AI can now set (almost) perfect typography

Before we get into our weekly roundup of visual generative AI gluttony, I must confess that my favorite visual story this week has been the 4-year-long quest of an honest craftsman (Jony Ive) who decided to embark on the seemingly impossible quest to create the perfect typeface—one that already had been 300 years in the making.



It felt like a perfect antidote to the news that an AI that can, for the first time in history, do actual typesetting. Not at the caliber of Ive and his design crew, but impressively nonetheless. There’s also a new technology that makes instantly perfect AI-generated product shots, one that can freeze time and space better than the bullet time technology from the Matrix, and a micro-short film that reminds us that our imagination can shape the nonsensical into the stuff of dreams.



Deep Floyd: perfect typesetting and spatial design



Stability.ai is releasing things faster than these AI recaps. Right after last week’s post, it announced Deep Floyd, a generative AI capable of setting perfect typography in any setting made of any material under any conditions imaginable. Most other generative AI platforms render text as a garbled mess, which makes this release big news. It’s the first time scientists have achieved not only legible text but beautifully made text, as well (it’s not Jony Ive’s typeface, no, but it’s solid).



[Images: Stability AI]



Even more surprising is the fact that the typography respects the spatial relationship with the object boundaries in the scene where the text appears. A graffiti will look nice on a wall, as if it were made by a human with taste and skill. A neon sign will look professionally made. And a traffic sign will look, well, like a traffic sign should look in real life.



Perfusion: make the perfect product shots



Nvidia’s fascinating new technology—presented this week at Siggraph 2023—will eventually impact all creative and marketing industries, just as Chicxulub did with the dinosaurs. Called Perfusion, this text-to-image technology will grab an image of a real object and seamlessly integrate it into a synthetic image. While current generative AI reconstruction technologies deform the original subject, often beyond recognition, the amazing thing about Perfusion is that it maintains the core identity of an object, even while it modifies attributes like its clothes.

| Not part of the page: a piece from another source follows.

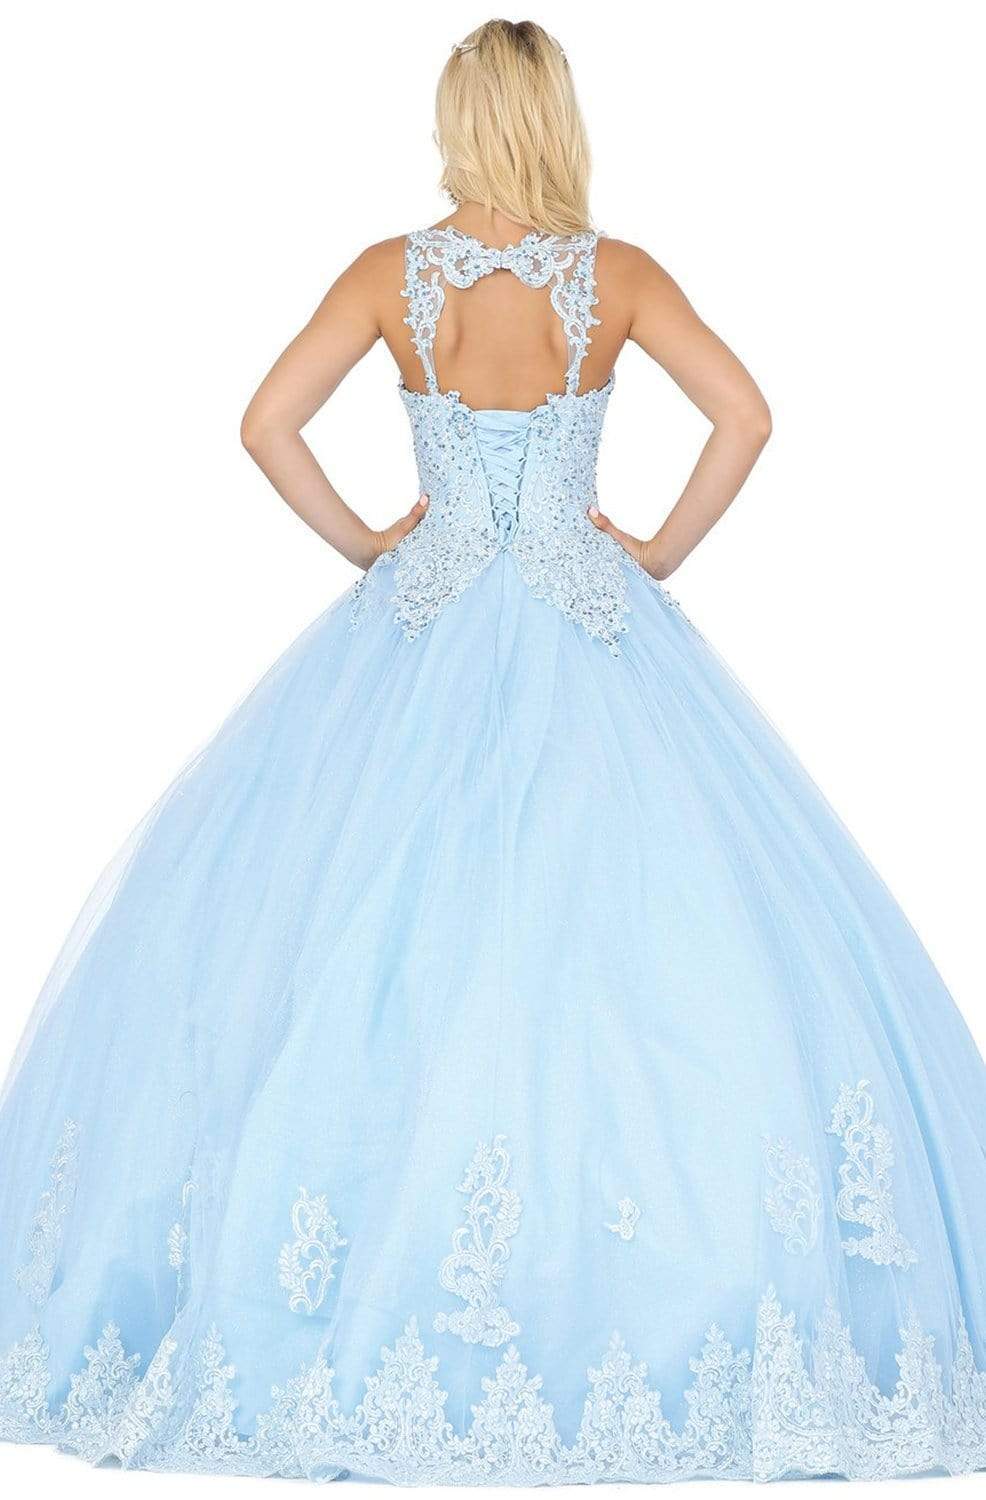 Dancing Queen - 1411 Embroidered Sweetheart Bodice Ballgown Quinceanera Dresses

[Image: Yoad Tewel, Rinon Gal, Gal Chechik, Yuval Atzmon]



You can clearly see in the example above: A teddy bear changes its outfit but maintains its integrity as a bear. The researchers say the model uses a novel mechanism called “key-locking perfusion” to accomplish this wizardry. Expect it to appear soon in your favorite image generator to create anything from the perfect product shot to your perfect selfie “taken” on the perfect beach that never existed in the vacation you never took.

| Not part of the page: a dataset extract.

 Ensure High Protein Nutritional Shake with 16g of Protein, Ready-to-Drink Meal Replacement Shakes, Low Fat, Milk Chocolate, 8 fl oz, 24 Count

AI that captures time and space: HOSNeRF



In the totally-blew-up-my-mind category this week we have HOSNeRF. We have spoken about NeRF technology before, the seemingly magical AI networks that build fully navigable 3D scenes with just a few shots or a video. But this is next level because it doesn’t only capture space but time. Think Matrix-y bullet time but better and at any point during your video:







This new technology enables pausing a video at any frame and re-rendering all scene details—humans that move, objects, and of course the backgrounds—from any point of view. For now it is just a research paper but, given the pace of development, we will probably get this tomorrow.



Today’s eye candy: Thank you for not answering



LA-based filmmaker Paul Trillo has made this trippy trip of a short film called Thank You For Not Answering about a man who leaves a voicemail for someone from his past, recalling fragments of his fading memory and things that could have been. He tells me its genesis over email: “I was looking to take advantage of the aesthetic limitations of the AI. The surreal and often uncanny nature of Gen-2 would actually be difficult to recreate with cameras or traditional animation.”









He claims it is the strangest experience he has ever had, like “shaking a Magic 8 Ball until you get the answer you’re looking for.”  He first created generated images to make a storyboard in the open-source version of Stable Diffusion called Automatic1111. “I would write a bit of the story and ideas for visuals, generate some images, and then feed that text and imagery into Gen-2,” he says, resulting in 100 images and 400 videos that he edited down to 55 clips in the final cut. “While the AI makes a lot of chaotic choices, it’s ultimately up to you to decide what kind of stories you want to tell.”